* _DATA PROVIDED_
• • •

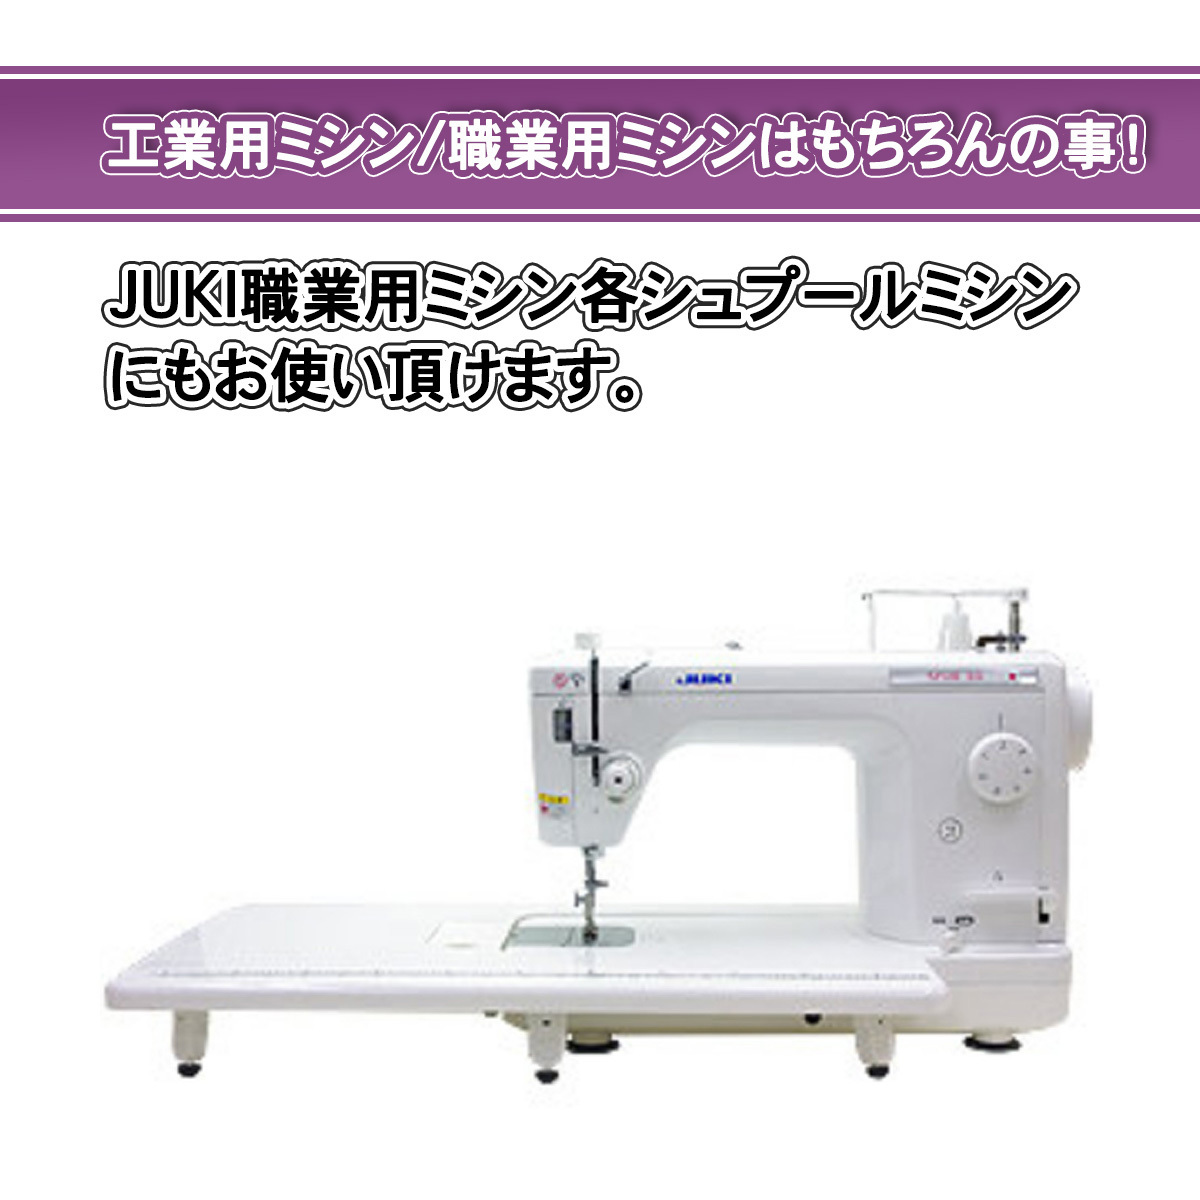  sewing machine pushed ..gya The - taking . car - ring industry for sewing machine occupation for sewing machine Juki sewing machine supplies parts parts Attachment accessory parts 
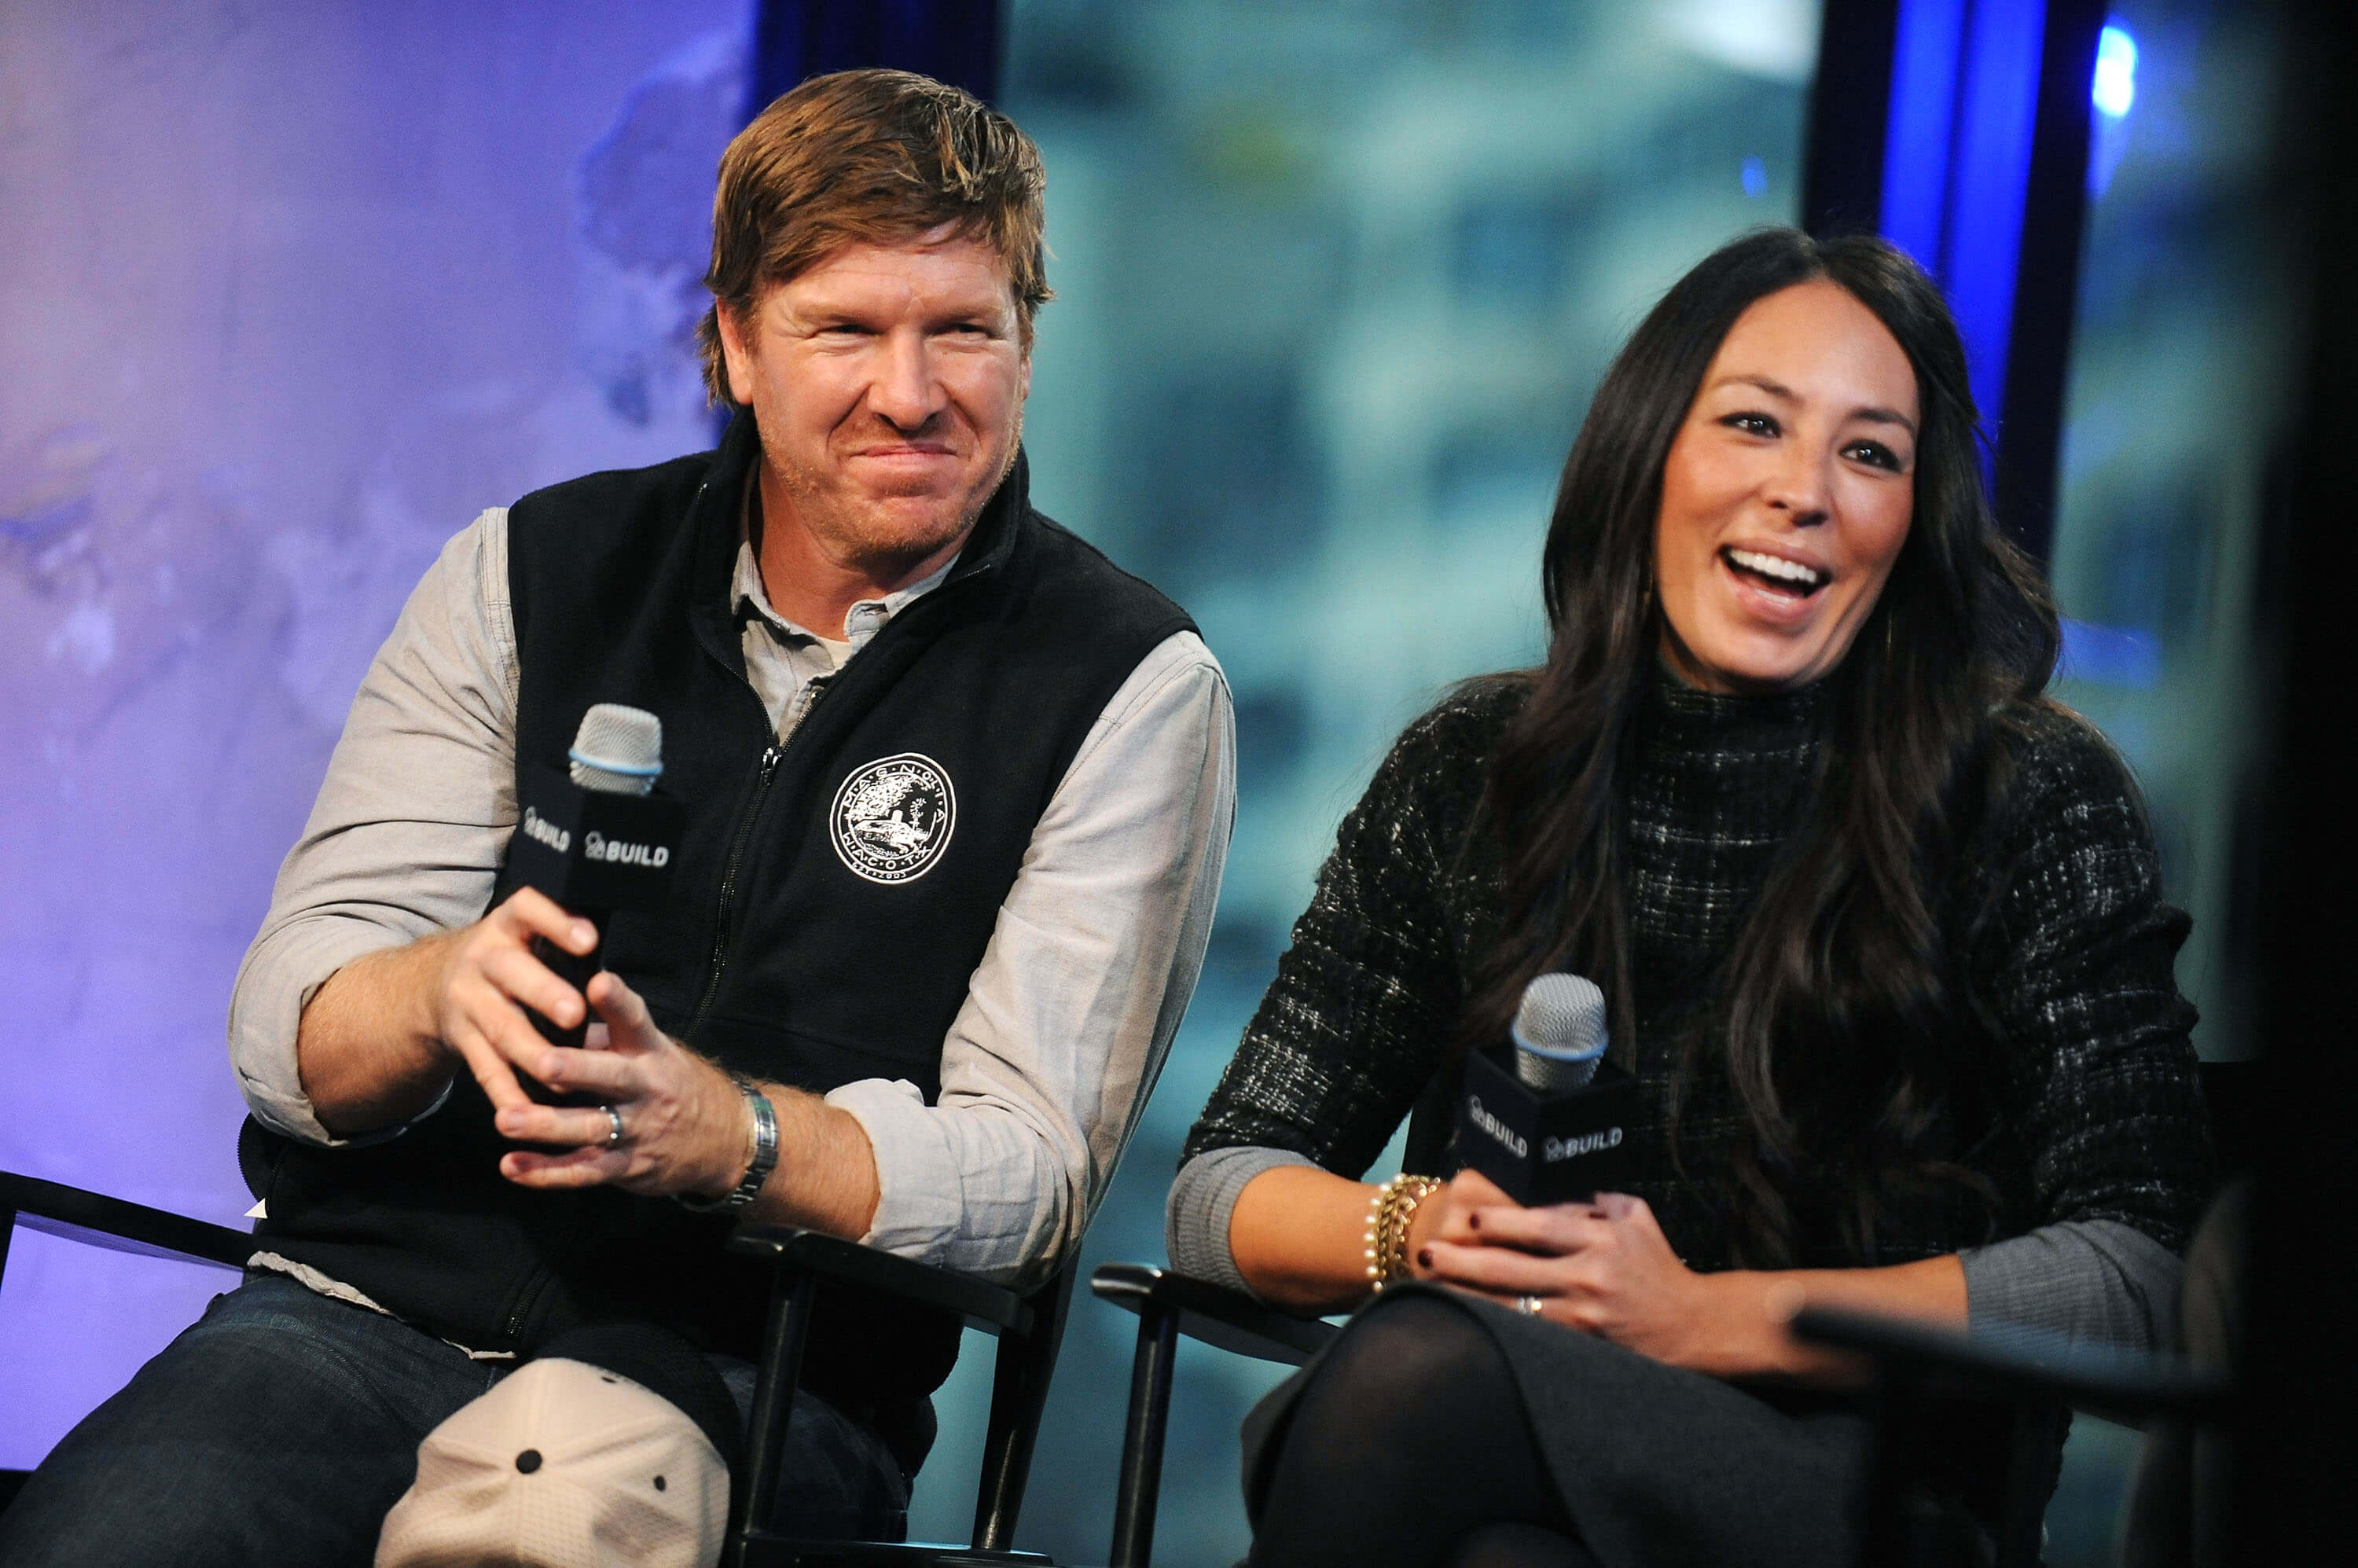 'Fixer Upper' stars Chip and Joanna Gaines on stage during an interview
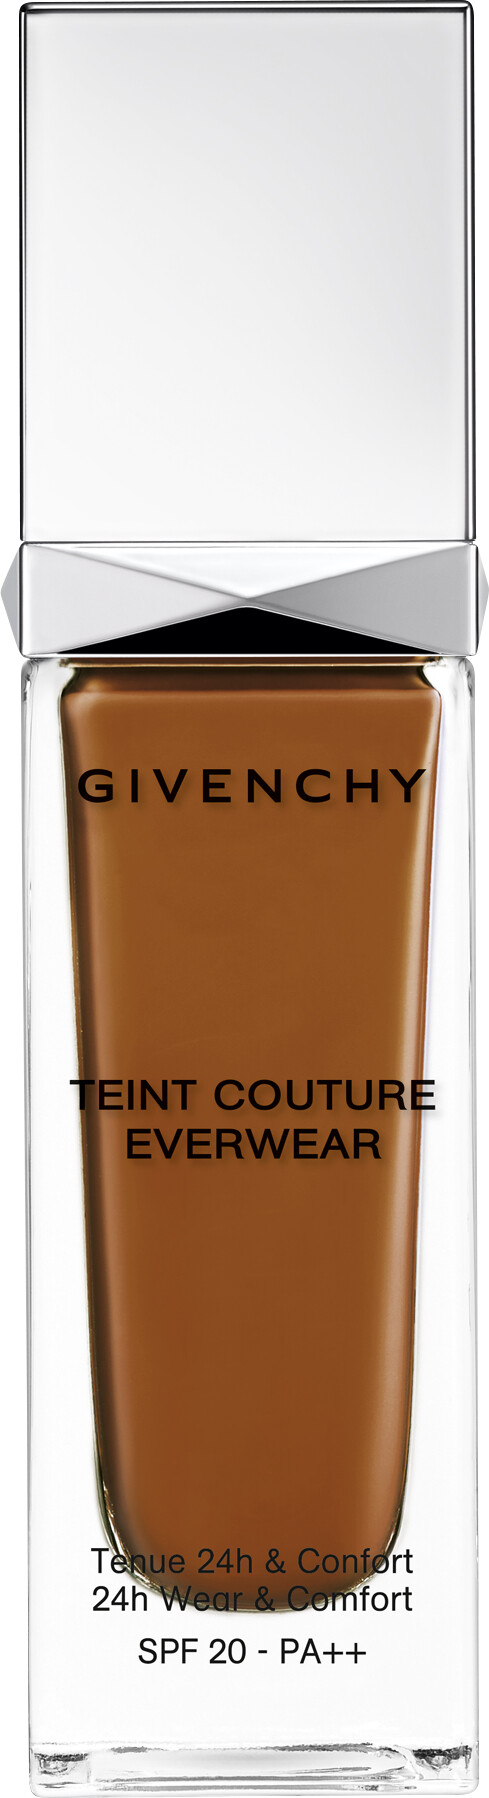 GIVENCHY Teint Couture Everwear 24h Wear & Comfort Foundation SPF20 30ml Y400

• • •

* _GOAL OF THE EXERCISE_
Extract word for word every line from the line that contains "during an interview" to the final line of the data, both included, and nothing else; skip the pictures.

* _EXERCISE RESULT_
 'Fixer Upper' stars Chip and Joanna Gaines on stage during an interview
 GIVENCHY Teint Couture Everwear 24h Wear & Comfort Foundation SPF20 30ml Y400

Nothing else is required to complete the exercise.